Tuesday, December 06, 2005

Fundamentalist Christans are full of irony


A Kansas professor who was going to teach a religion studies class on creationism and intelligent design was attacked apparently because he sent an email complaining about "fundies". What happened to "love your neighbor" and "do unto others"?


Also, with the upcoming release of the Lion, the Witch, and the Wardrobe in theaters, churches are pushing the Christian message in the story. These same churches seem to hate everything to do with the Lord of the Rings (esp. the roleplaying that takes place in Tolkienesque worlds). The irony is that it is Tolkein who convinced Lewis to accept Christianity.

1 comment:

Nate said...

There's also irony in how many people think that Mirecki and others like him are wise counsel in the face of religious dogma. It sounds an awful lot like religious nuts who think that their ministers are wise counsel in the face of evolutionist dogma.

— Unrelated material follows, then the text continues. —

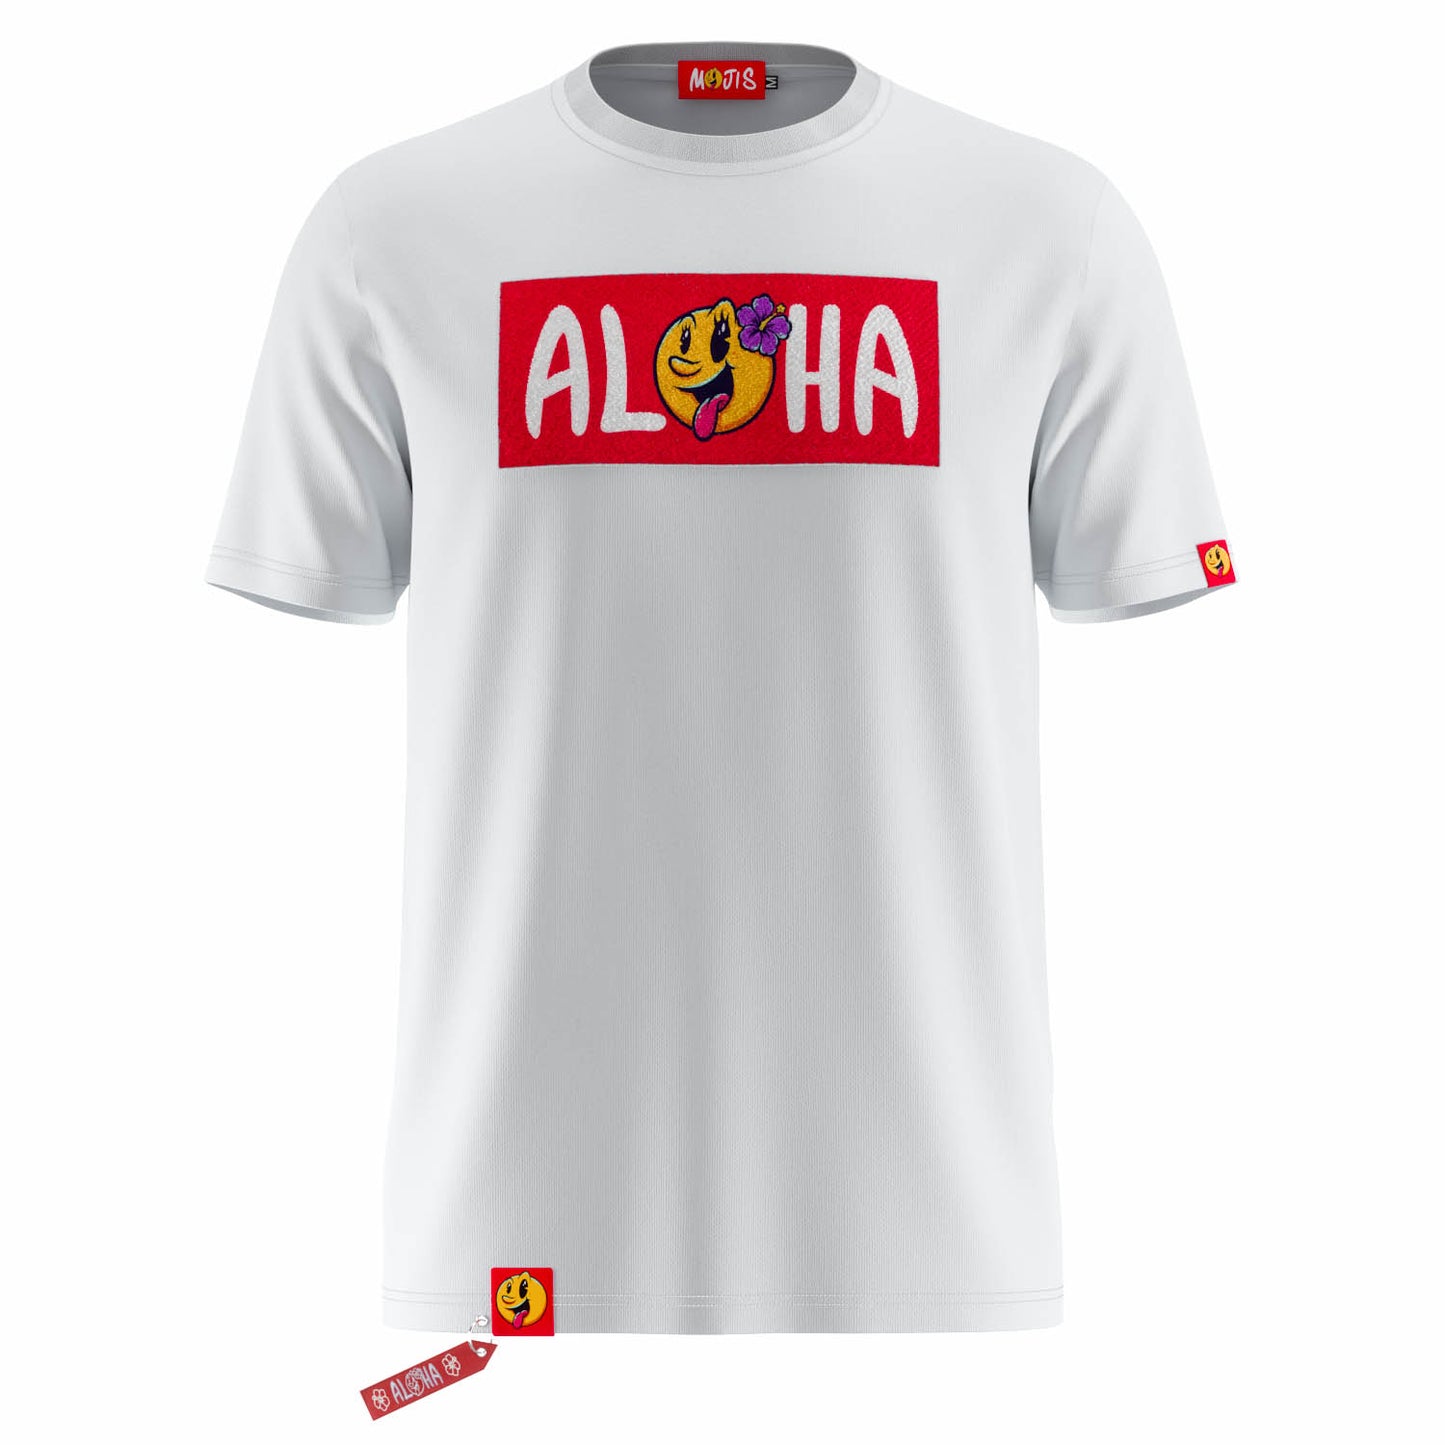 Aloha Signature T-Shirt
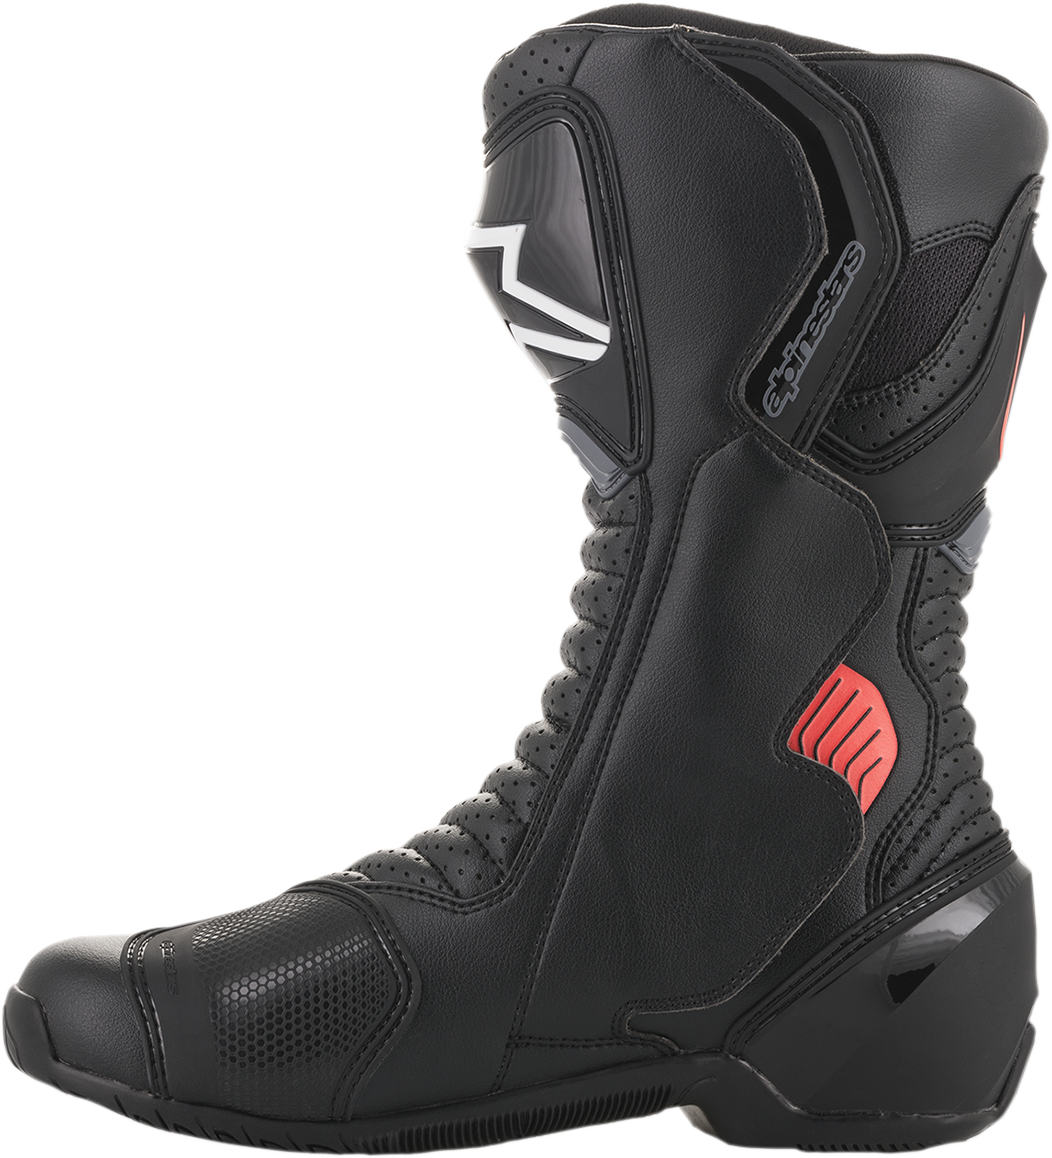 ALPINESTARS SMX-6 v2 Vented Boots - Black/Gray/Red - US 13.5 / EU 49 2223017-1133-49

re Role playing and fundamentalists:

Overall, fundamentalists like Tolkein's work because they see it as good, clean fiction where Good triumphs over Evil. The main problem fundamentalists have with the Tolkienesque worlds is not the Tolkein parts, elves and dwarves and wizards and such, but rather other things they liken to occultic or satanic symbolism. I won't defned that position, but it's the major one they have.

While there would be irony in selectively picking on only one of Lewis or Tolkien-- more specically Narnia and Middle-Earth--- for reasons other than personal taste in reading, there is no irony at all in liking Lewis while dislikng things Tolkienesque because of disliking the esque.